It is worth emphasising that the uptake figures are based on the proportion of pupils taking a meal on a typical school day, rather than the number of pupils taking a school meal every day. Therefore, the increase to 75 per cent might suggest that, on three out of every four days, all pupils are taking the free school meal.
Your report indicates that uptake increased more in the local authority areas in which the proportion of children who qualified for free school meals was lower. Did you do any work on why that was the case? Why was the uptake in the Borders greater than the uptake in Glasgow, where more children per head of population would benefit from a free school meal?

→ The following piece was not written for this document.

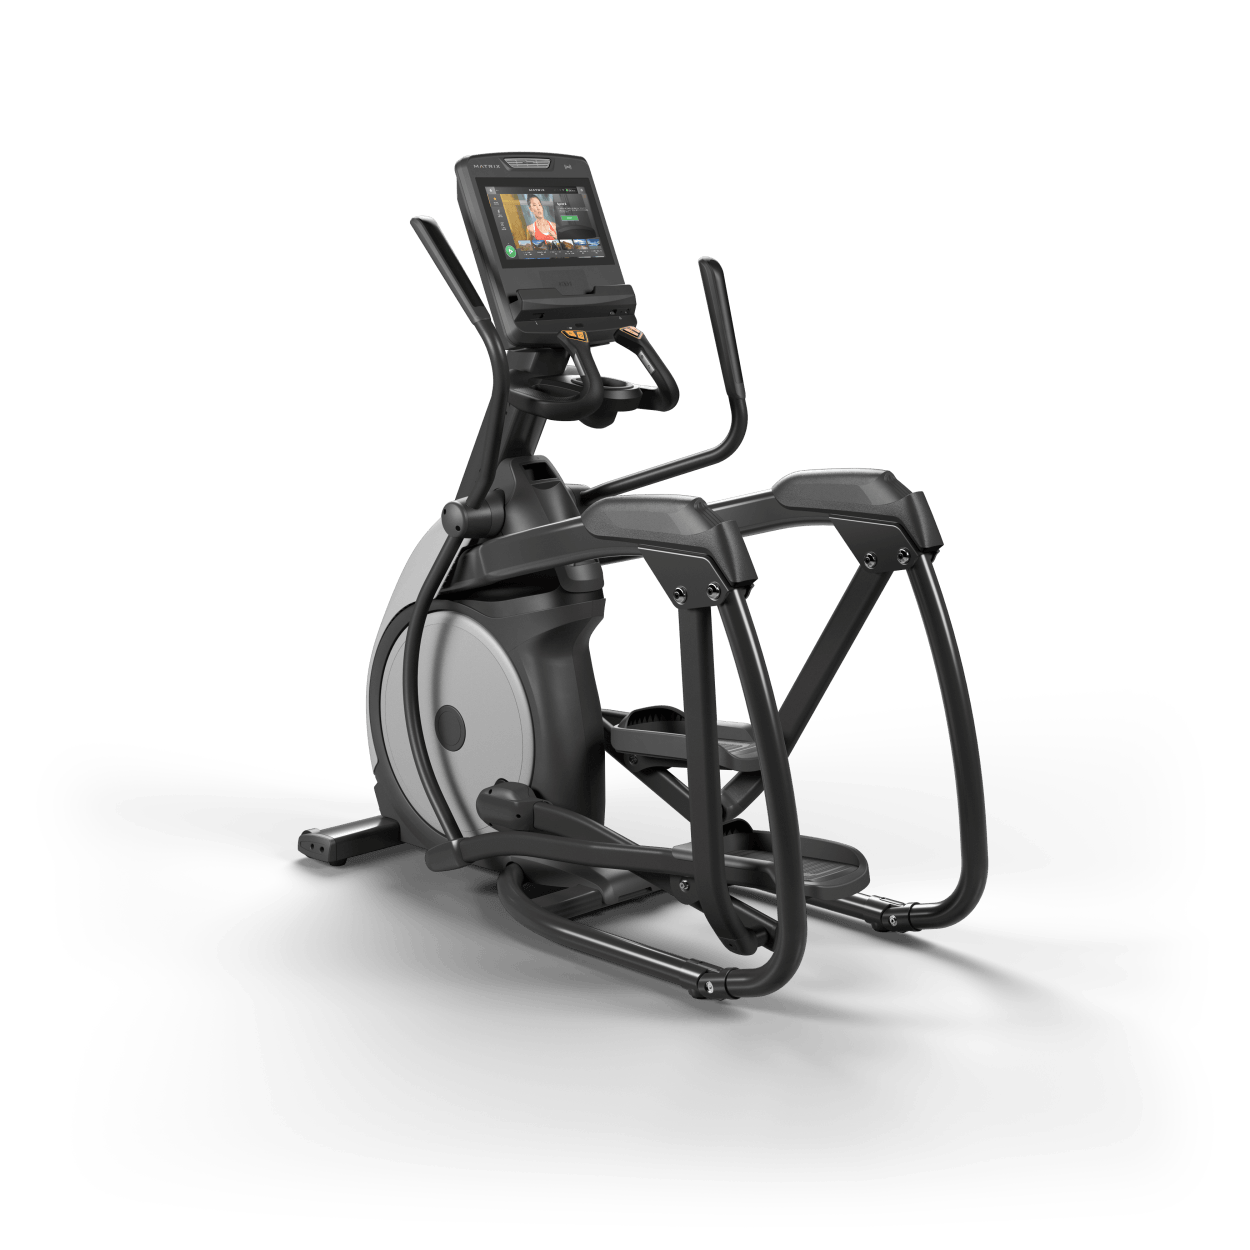 Matrix Fitness Performance Elliptical with Touch Console full view | Fitness Experience

Uptake increased in the areas that had the lowest levels of registration and in the areas that had the lowest levels of uptake of school meals, whether free or otherwise. Areas with lower levels of uptake had greater increases in uptake and that was seen both among those pupils in the P1 to P3 group who were registered for free school meals and among those who were not.
In areas where there is a higher level of free school meal registration, the uptake tends to be higher, even among those who are not registered for free school meals. Therefore, those areas with lower levels of free school meal registration had lower levels of uptake, so there was more scope to increase uptake in those areas.
You said that one of the problems about non-uptake is that children are fussy eaters, whatever that might entail. Is there any indication that there are specific types of children from particular backgrounds who have greater difficulty with fussy eating?
No. We did not attempt to measure the fussiness of their eating. Our finding was based on case studies and qualitative research with the parents and pupils. However, there was no indication that fussiness was stronger in particular groups of children.
But you say that fussy eating is the "main reason for non-uptake", and that could mean a problem for policy decisions later. Can you tell us any more about this fussy eating? Did you get much feedback on it?
When we talked to parents, it was clear that, even those parents whose children were not taking school meals—or not taking them every day—were generally keen for their children to take advantage of the free school meal, and a certain amount of negotiation was going on between parents and their children about whether they took a packed lunch.
What I want to know is whether the issue is about the poor quality of the food or the existence of a free school meal?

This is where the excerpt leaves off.